Für Anfang September sind Impfstoffe gegen Omikron-Varianten des Corona-Virus angekündigt. Einige Ärzte wollen sie bald verspritzen. Allerdings gibt es noch keine Empfehlung der Ständigen Impfkommission, Stiko. Ohne die ist ein Verspritzen des Impfstoffs aber nicht möglich.
Daher setzen die Hausärzte die Stiko jetzt unter Druck. "Dass nun angepasste Impfstoffe zur Verfügung stehen, ist eine sehr positive Nachricht", sagte der Bundesvorsitzende des Verbandes der Hausärzte, Ulrich Weigeldt. Zugleich beklagte er, dass die Stiko sich bei ihrer Empfehlung Zeit lässt.
Zunächst steht nämlich nur ein Impfstoff gegen die sogenannte Variante BA.1 zur Verfügung. Impfstoff gegen BA.4 und BA.5 kommt erst später. "Hier braucht es", so der Standesvertrter, "sehr zeitnah eine klare Empfehlung der Stiko, an welcher sich auch die Hausärztinnen und Hausärzte orientieren können."
Der neue Impfstoff lässt den Körper deutlich mehr Antikörper produzieren, behaupten einige Ärzte - eine Behauptung, die sich bei den vorherigen Impfstoffen trotz einer Empfehlung durch die Stiko mehrfach als falsch erwiesen hat. Heute ist bekannt, dass die Impfstoffe kaum vor Infektionen schützen und selbst der Schutz vor schweren Verläufen ist umstritten. Von den umfassenden Nebenwirkungen will das Gesundheitsministerium nichts wissen.
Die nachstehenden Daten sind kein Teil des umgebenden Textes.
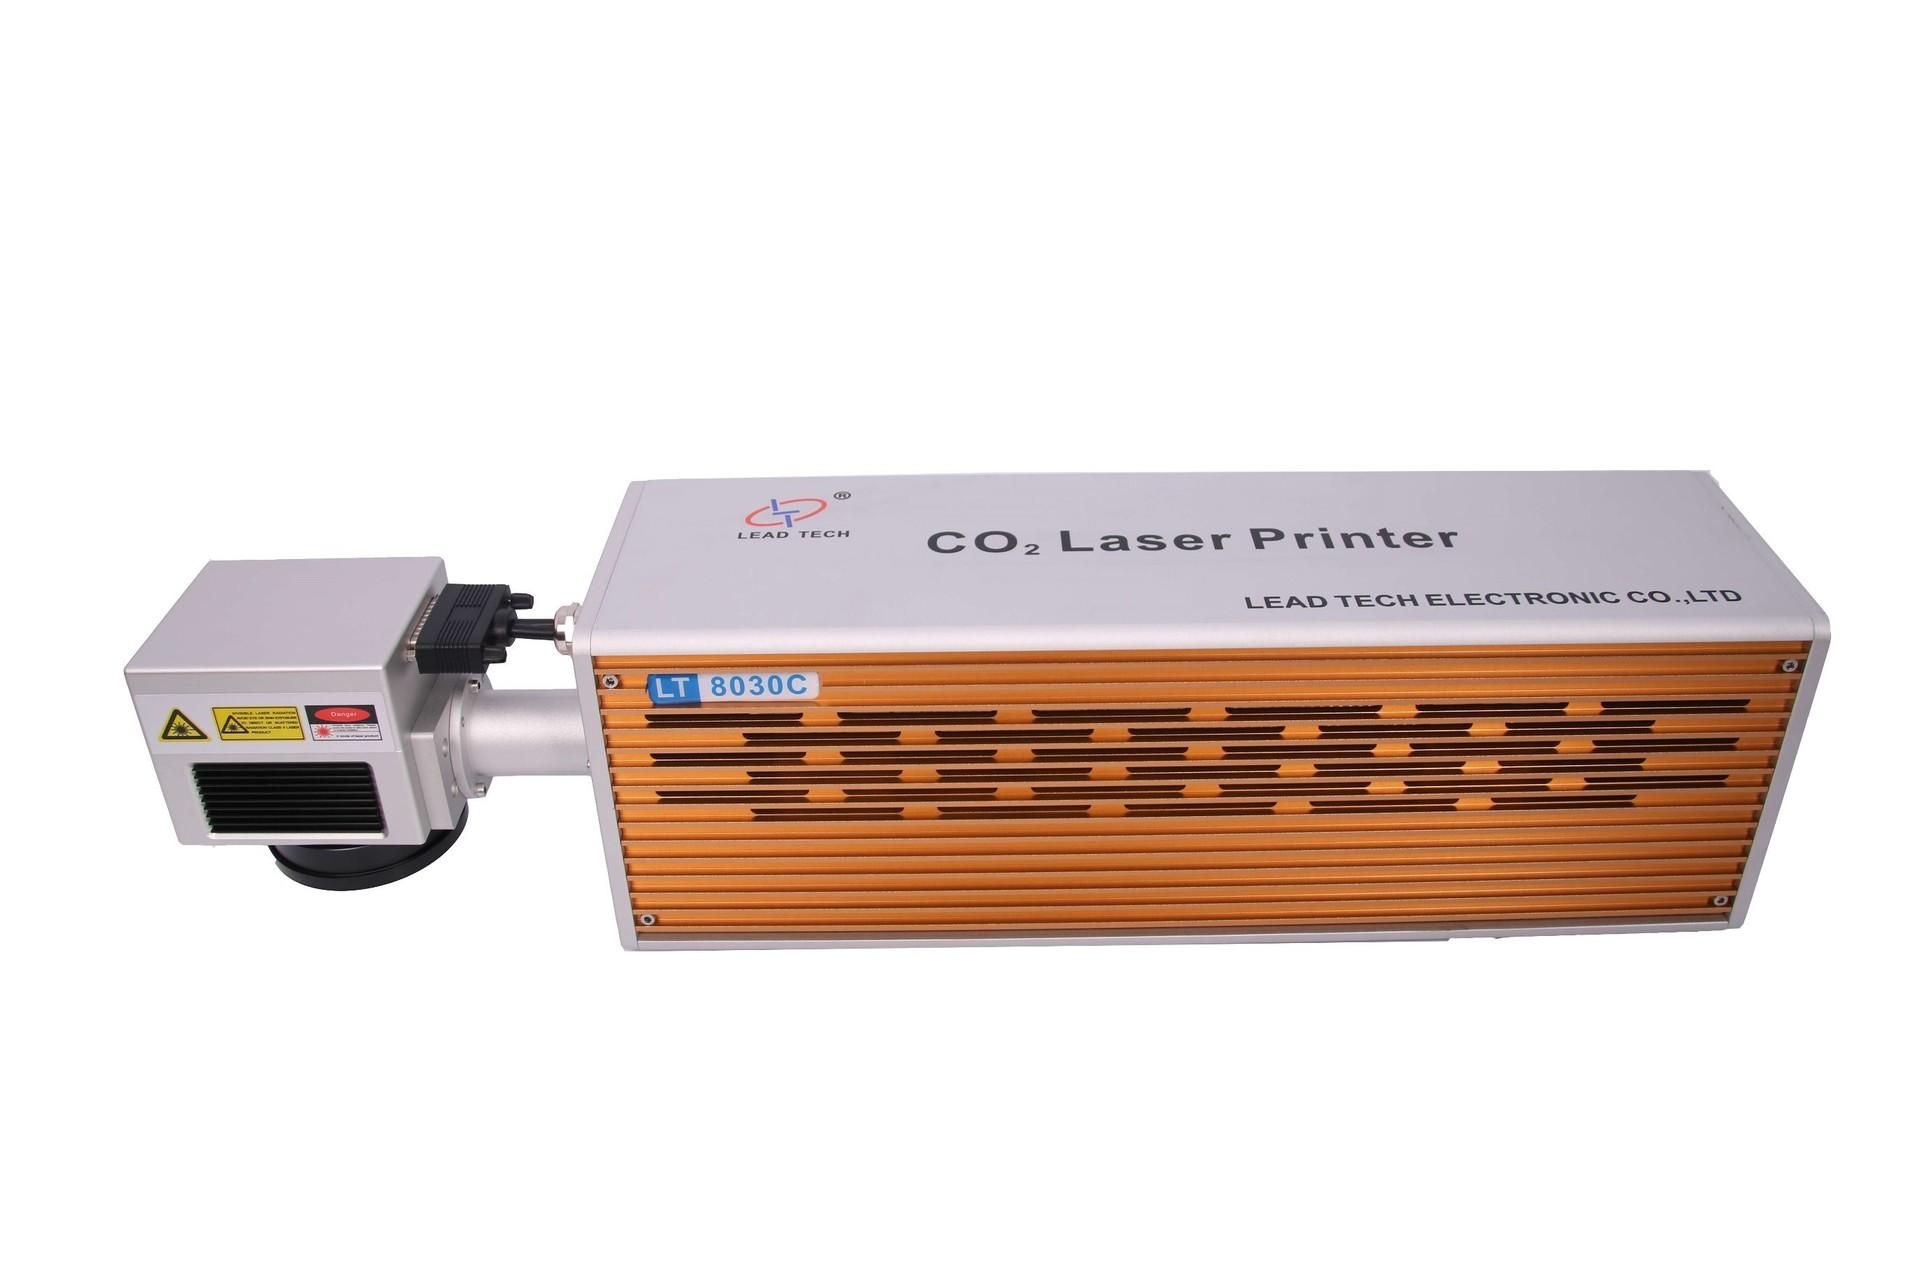 Lead Tech Lt8020c/Lt8030c CO2 20W/30W High Precision Digital Laser Engraving Marking Printer for Cables/PVC Sheets

Würde eine neue Impfwelle beginnen, wäre das für viele Bürger die vierte, und im Falle eines Impfstoffs gegen BA.4 und BA.5 dann die fünfte und sechtse Impfung. Und das zu einer Zeit, in der immer mehr Nebenwirkungen bekannt werden. Statt sich um die Gesundheit ihrer Patienten zu kümmern, übernimmt die Hausärztevereinigung die Propaganda von Gesundheitsminister Lauterbach, SPD.